Got this email today, a plea for a financial contribution to This I Believe. I couldn’t believe what I was seeing.

Background: I wrote an essay for the show, and submitted it through their website. This is the first email I got from the show. No acknowledgement of the essay, no rejection or acceptance, just a request for money.

This feels like shit. I poured my heart into the essay, after spending a year thinking about what to write. Now I gotta wonder, if I don’t send the money, will they consider my essay. Or if I do send the money will they run it?

I really want it to be separate from money. If they waited until they decided about my essay to ask for money, that would have felt better. If they had rejected it, I could have been certain there’s no connection. But this way, well, I can’t give them money without retracting the essay.

It’s funny that reporters who care so much about their own ethics have such disregard for those of their contributors. I can’t withdraw the essay, btw, because I agreed to very one-sided terms (as usual) in order to submit it.

Get this guys — user-generated-content is written by people. For a show like This I Believe, you better hope they are people of the highest integrity, not the kind of person who would give you money to increase the odds. This kind of solicitation is off the wall. The answer is no. Emphatically.

Qube me baby 

The Qube 2 arrived today. I’ve set it up and it’s working. I was surprised at how big it is (my first one seemed a lot smaller, but that was probably about 7 years ago) and how noisy it is. First task is to learn how to get it to file-share with a Mac.

Google search for stuff about the Qube on this site.

QubeAfter a couple of hours fussing with it, I think history has passed the Qube by. I owe the designers of this product so much, without the Qube, I honestly think it might have taken a lot longer for browser-based blogging tools to come along. It showed me how a powerful software system could be entirely configured through a web server. Look at this screen for a clue. One of the very cool things in evidence is that the Web Server can’t be turned off, because that’s the only way to access the system. With that as a core assumption, all the rest of the functionality grew. Error messages come via email. Everything else happens in the browser.

From there, I got the courage to attempt to do a full web content management system in the browser, which led me to Edit This Page, and a list of stories and pictures, and a calendar, and reverse-chronologic blog posts.

That was 1999. First learn from the Qube, then apply the lesson to writing for the web. The result — blogging as we know it today.

Le Web 3 in Paris 

Tom Morris is reporting live from Le Web 3 in Paris.

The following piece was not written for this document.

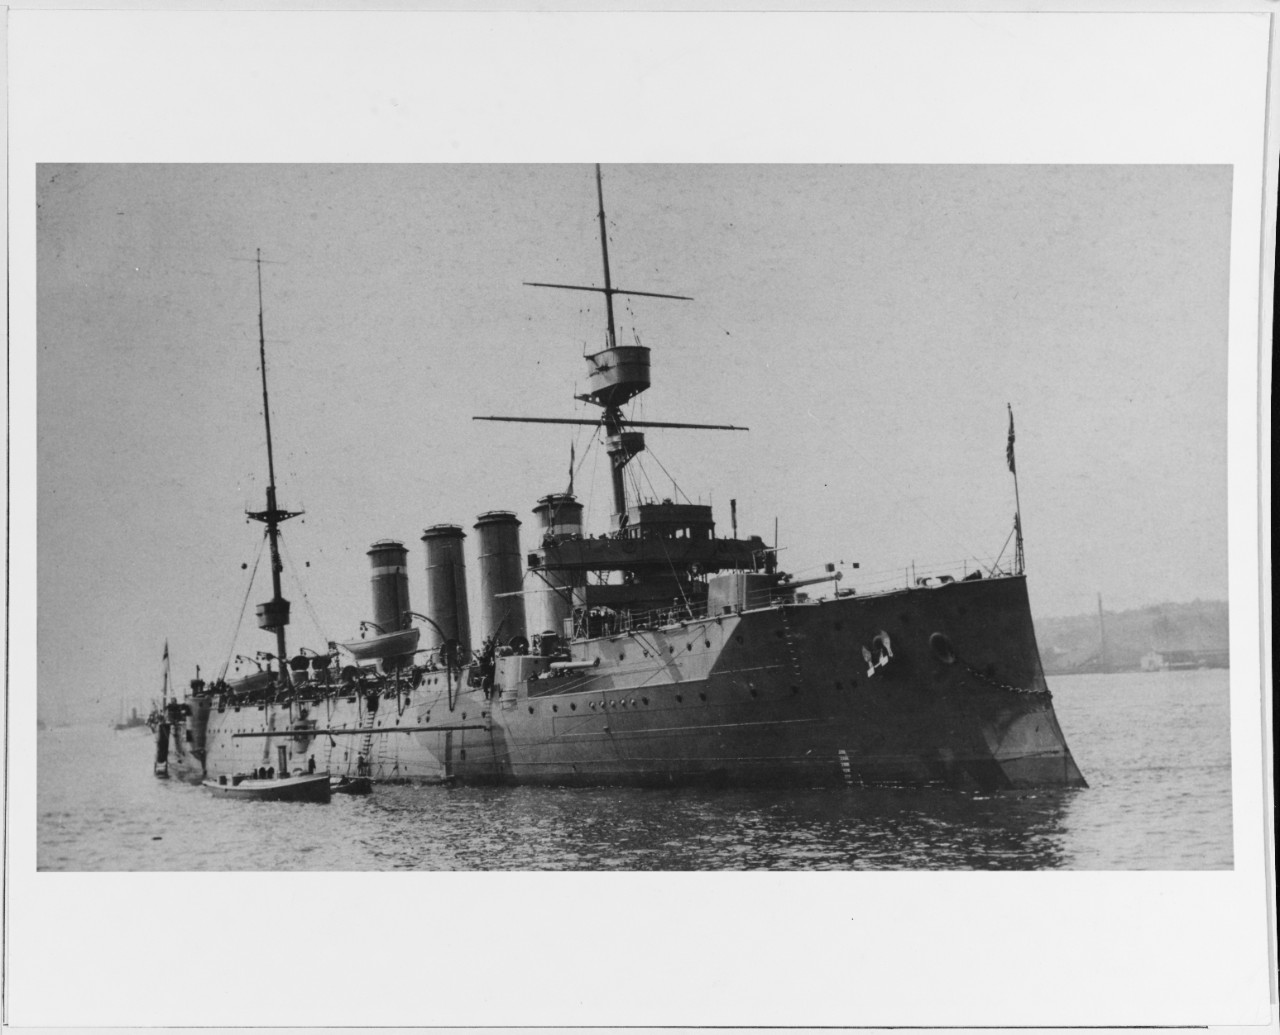 HMS ARGYLL (Armored cruiser of 1904)
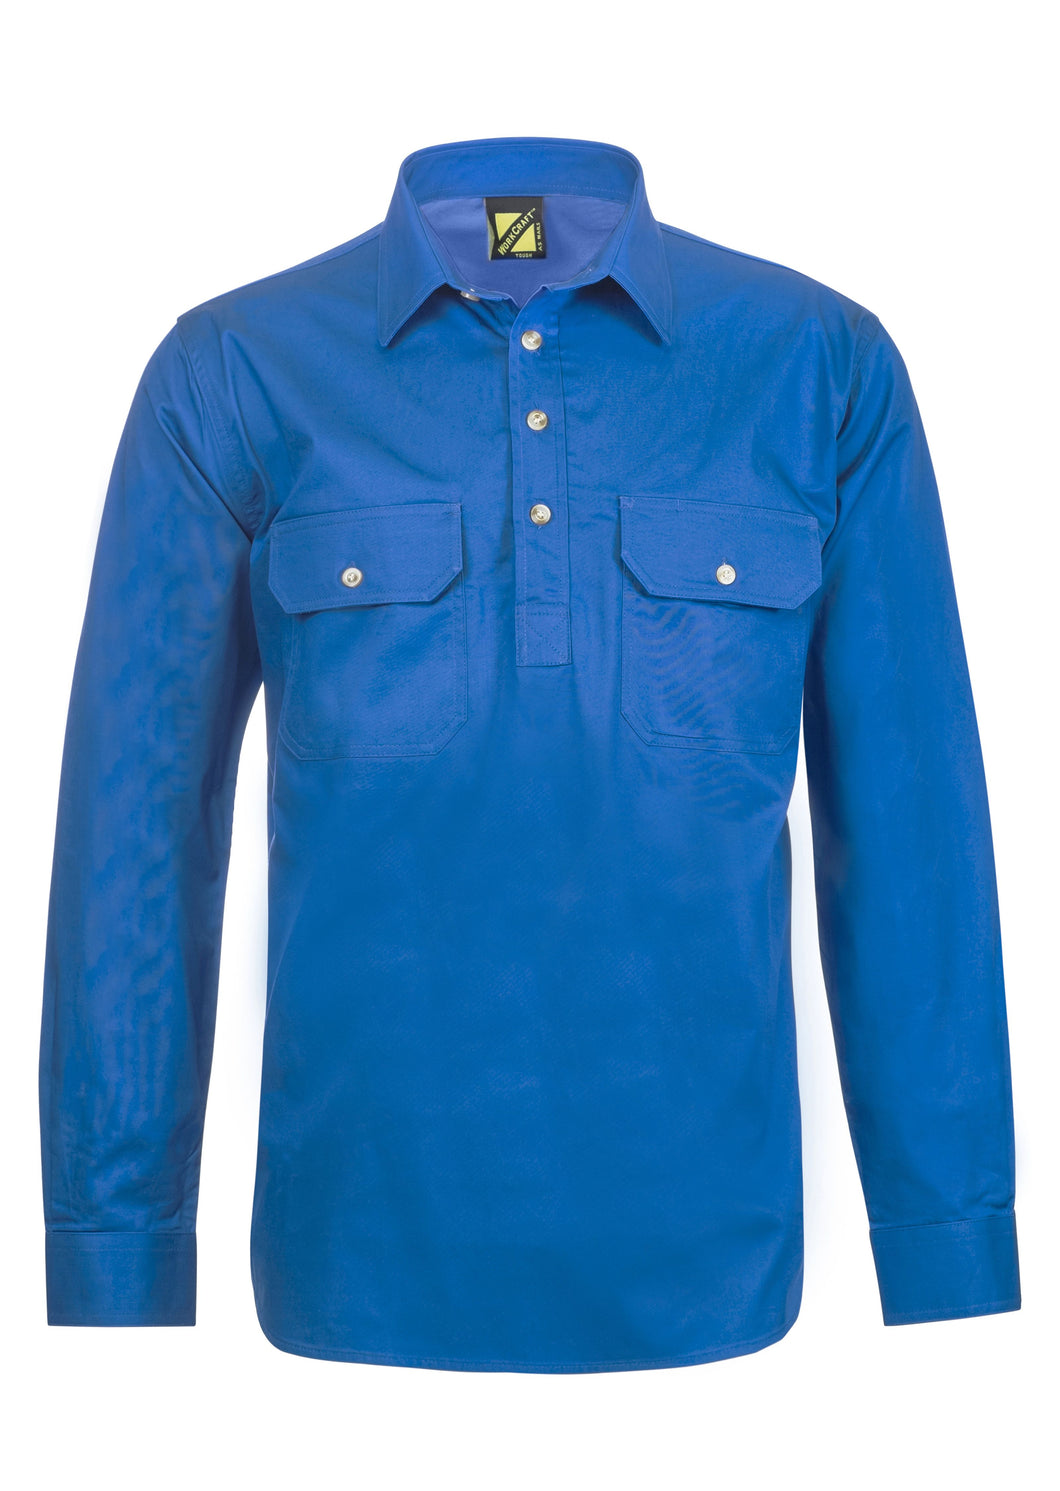 Lightweight Long Sleeve Half Placket Cotton Drill Shirt with Contrast Buttons

I watched a bit of the Le Web 3 videocast today, and observed what you always see at non-unconferences — stiff, lifeless discussions, people who normally are quite interesting in conversation, totally in their heads, boring, nervous, too self-aware, no spirit to it. Only David Weinberger, the veteran teacher, shone (as he always does).

3/5/06: “The idea for an unconference came while sitting in the audience of a panel discussion at a conference, waiting for someone to say something intelligent, or not self-serving, or not mind-numbingly boring. The idea came while listening to someone drone endlessly through PowerPoint slides, nodding off, or (in later years) checking email, or posting something to my blog, wondering if it had to be so mind-numbingly boring.”

Two conferences ago I emailed with Loic about how to avoid this, why not adopt the latest in technology conference technology, pioneered by the blogging world itself, at a conference about blogging? He didn’t understand (no fault of his, there’s a language barrier). I asked him to invite me to lead a discussion at the next one, and assumed he would so I didn’t worry. The next conference came, no invitation, and this time I didn’t even ask for one. I got the impression that Loic had not heard of me (just an impression, he didn’t say so.)

I think if ever there was a time when letting the former audience drive the discussion, this was the time to do it. If he’s ever going to understand it, this is the year he will understand it.

18 responses to this post.

  1. When I was at the Daily Cal, we got a loaner Qube (which ended up being a gift) and it was indeed very cool. Then Sun bought the company and ended up killing off the whole product line. Basically, the Qube is the kind of server Apple would make if they ever got aggressive about the server market. Why doesn’t someone become the Apple of servers? Not a lot of consulting revenue there, I guess.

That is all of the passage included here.